Jenderal Jimale tengah bepergian dengan sejumlah pejabat militer senior saat ledakan terjadi di dekat kompleks kementerian pertahananan.

oleh Khairisa Ferida diperbarui 10 Apr 2017, 07:48 WIB
Teror bom mobil yang terjadi di dekat kompleks kementerian pertahanan di Mogadishu (Al Jazeera/Abdirizak Mohamud Tuuryare)

Liputan6.com, Mogadishu - Panglima militer baru Somalia selamat dari serangan bom mobil yang diduga menewaskan sedikitnya 15 orang. Jenderal Mohamed Ahmed Jimale dilaporkan tengah bepergian dengan sejumlah pejabar militer senior saat ledakan mengguncang area di dekat kompleks kementerian pertahanan di Mogadishu.

"Ketika kami tiba di lokasi kejadian, kami menghitung terdapat 15 jasad. Korban tewas termasuk di antaranya sejumlah tentara," ujar Mire Aden, seorang kepala kepolisian setempat seperti dilansir Al Jazeera, Senin, (10/4/2017).

Aden menambahkan bahwa Jenderal Jimale selamat dalam ledakan tersebut.

Kelompok bersenjata al-Shabab yang telah cukup sering melakukan serangan untuk menggulingkan pemerintahan yang sah mengaku bertanggung jawab atas serangan tersebut.

"Apa yang terjadi di sini adalah tragedi yang menyakitkan. Darah dan daging dimana-mana," ujar Juru bicara Wali Kota Mogadishu Abdifitah Halanan kepada Associated Press.

Serangan terbaru ini terjadi beberapa hari setelah Presiden Somalia Mohamed Abdullahi mendeklarasikan negaranya dalam zona perang dan memerintahkan militer untuk bersiap menghadapi serangan baru dari kelompok al-Shabab.

Pernyataan tersebut disampaikan di tengah memburuknya situasi keamanan pasca-bom mobil yang menewaskan setidaknya 20 orang Rabu waktu setempat.

Mohamed menggunakan seragam militer saat mengumumkan situasi zona perang. Ia juga menawarkan agar anggota kelompok teroris itu menyerahkan.

"Kami beritahukan kepada anak muda yang dicuci otaknya oleh al-Shabab, mereka punya waktu 60 hari untuk meletakkan senjata yang mereka gunakan untuk membunuh rakyat dan datang kepada kami," terang Presiden Mohamed seperti dilansir Al Jazeera Jumat 7 April lalu.

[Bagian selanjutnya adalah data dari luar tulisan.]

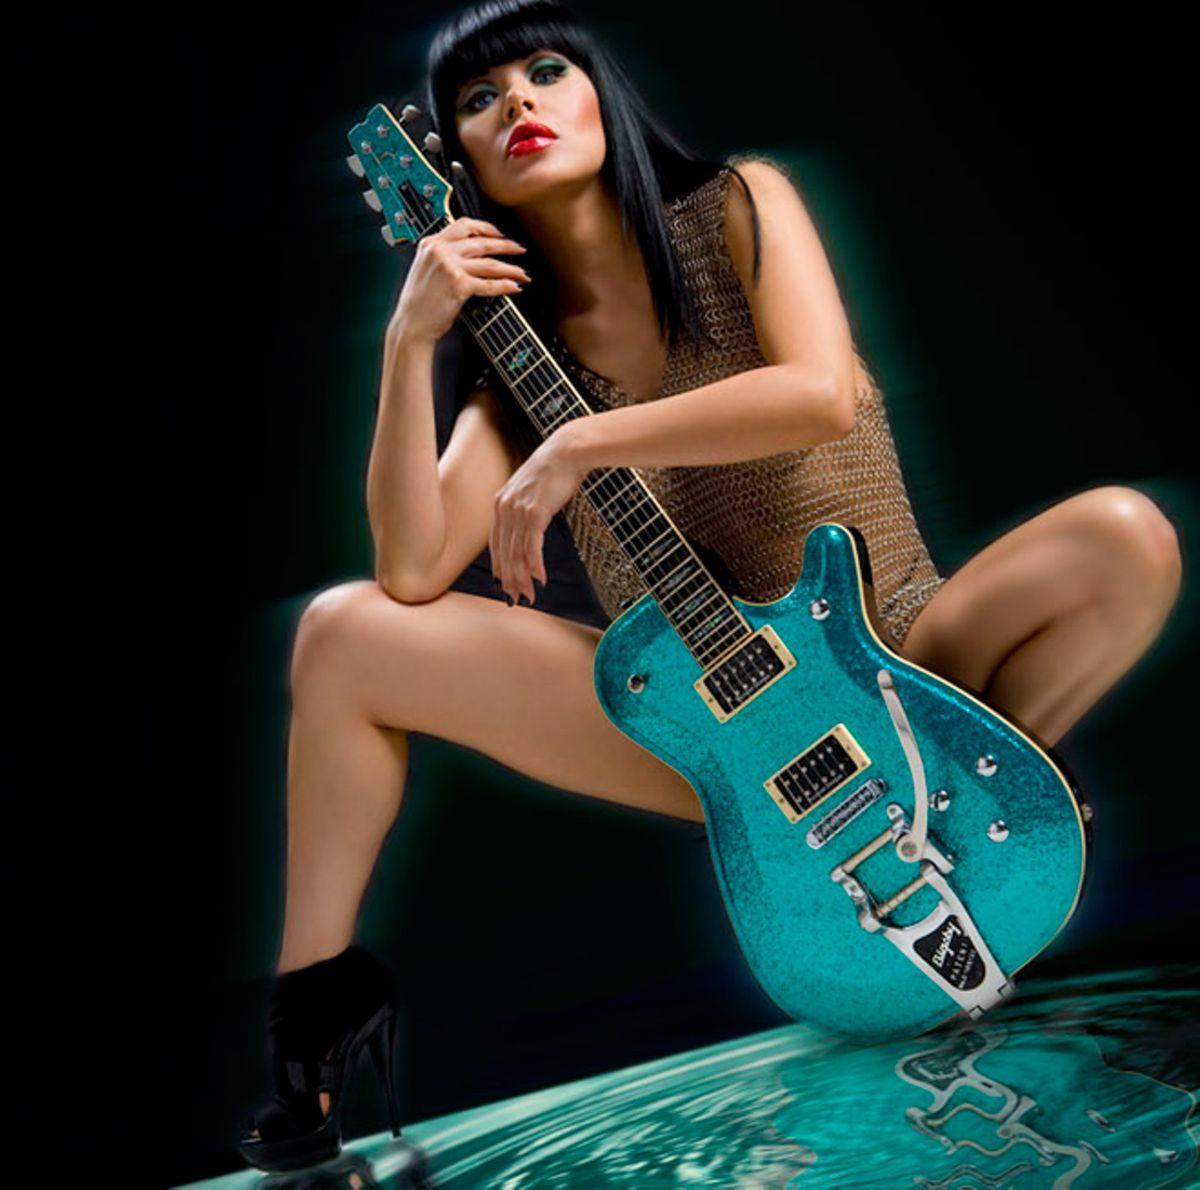 Guitar_13.jpg
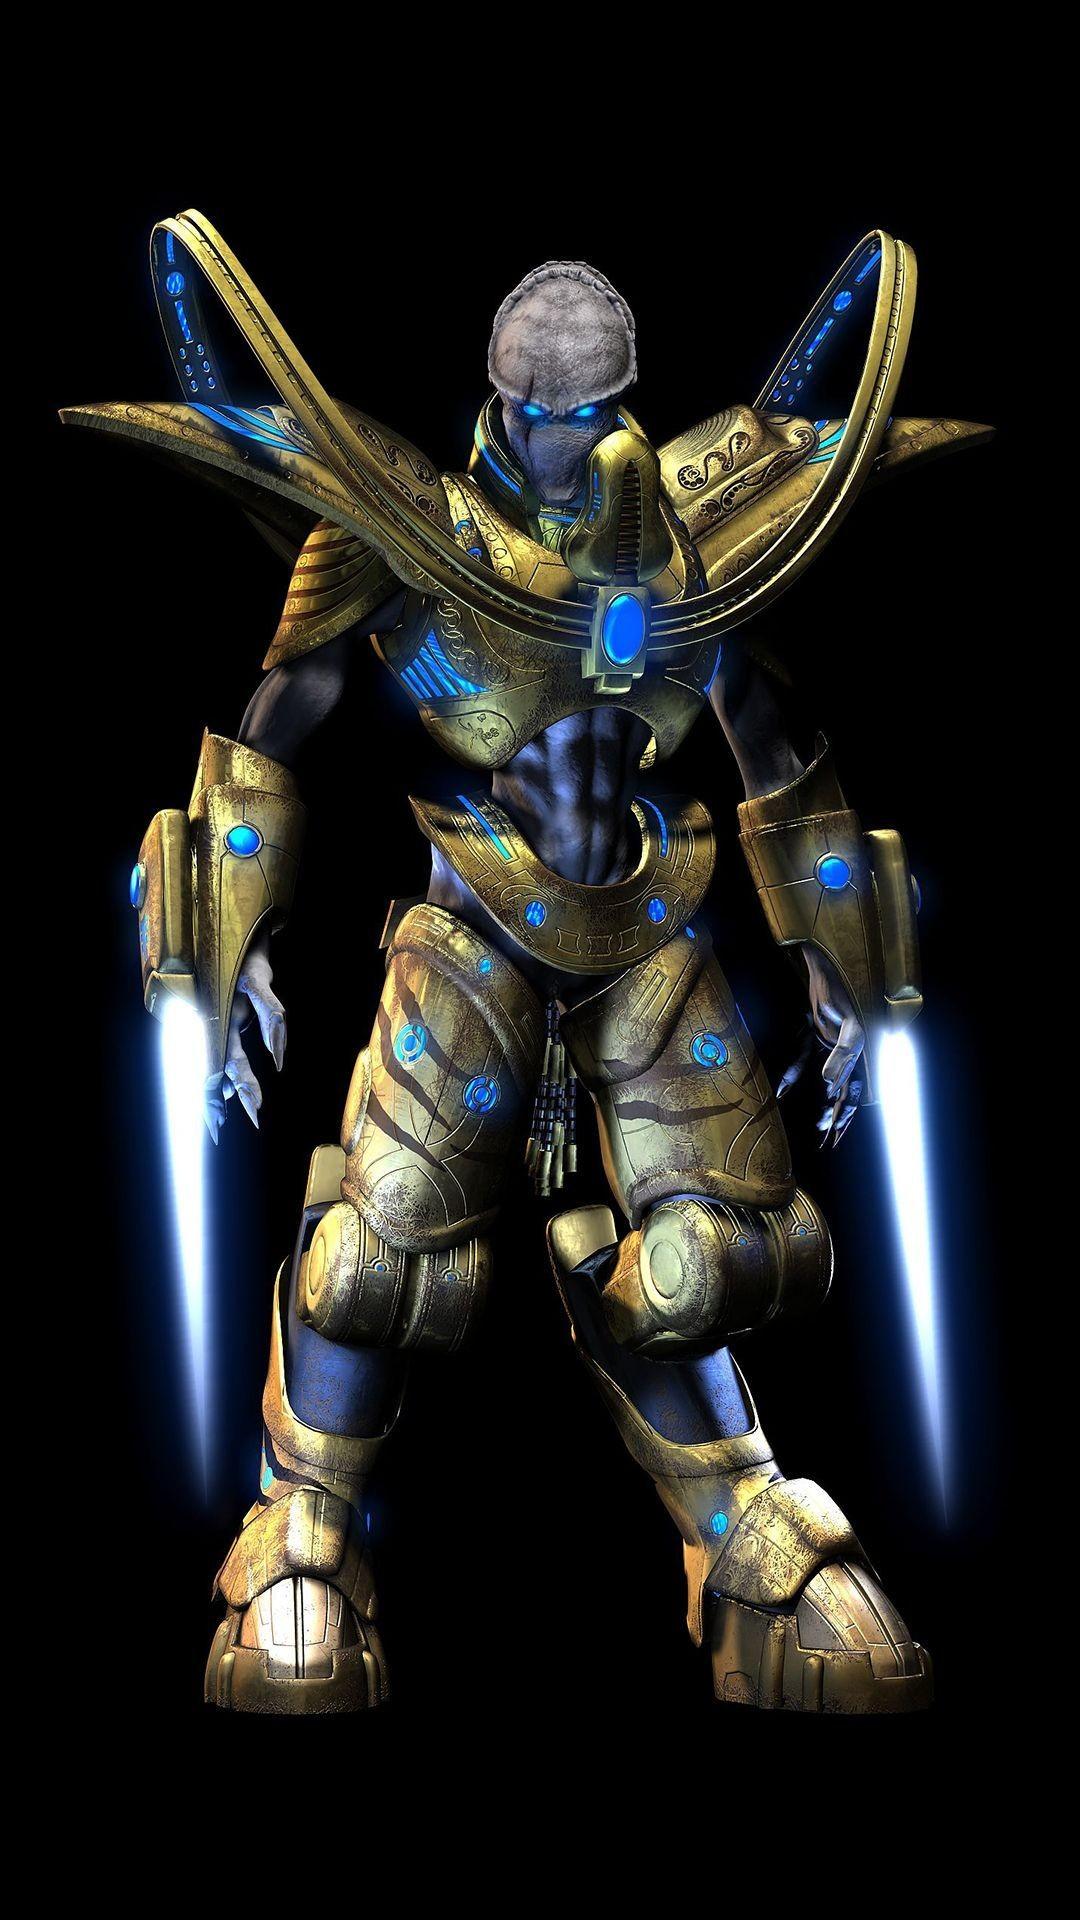 … Protoss – StarCraft Game mobile wallpaper

Al-Shabab mengecam Presiden Mohamed yang dilantik pada Februari lalu 'murtad' dan meminta agar rakyat Somalia melakukan perlawanan.

Sementara itu, pada Kamis waktu setempat, Mohamed dikabarkan mengganti kepala kepolisian, intelijen, dan militer negara itu. Mohamed menilai, restrukturisasi keamanan dipandang sebagai upaya untuk mengonsolidasikan kekuasaan di negaranya.

Sebelumnya, sekitar sepekan lalu, pemerintahan Donald Trump setuju untuk menjalankan wewenang yang lebih luas dalam melawan kelompok al-Shabab di Somalia, termasuk melakukan serangan udara yang lebih agresif di bagian Somalia selatan.

Kelompok teroris al-Shabab berhasil diusir dari ibu kota negara itu dan sejumlah kota utama lainnya di Somalia oleh pasukan nasional dan multinasional Uni Afrika. Namun mereka masih melanjutkan serangan berupa pengeboman mematikan.

Pasukan keamanan Somalia berada di bawah tekanan untuk meningkatkan kapasitas mereka mengingat kelak mereka akan memikul tanggung jawab untuk mengamankan Somalia pasca-penarikan 22.000 pasukan multinasional Uni Afrika dari negara itu.

Al-Shabab merupakan salah satu dari banyak tantangan yang dihadapi pemerintah Mohamed. Meski disokong bantuan keamanan ratusan juta dolar, sejumlah persoalan masih menghantui negara itu.

Sebut saja soal pembajakan. Sempat vakum beberapa lama, kini pembajakan kapal kembali terjadi di lepas pantai negara itu yang merupakan salah satu rute pelayaran paling penting di dunia.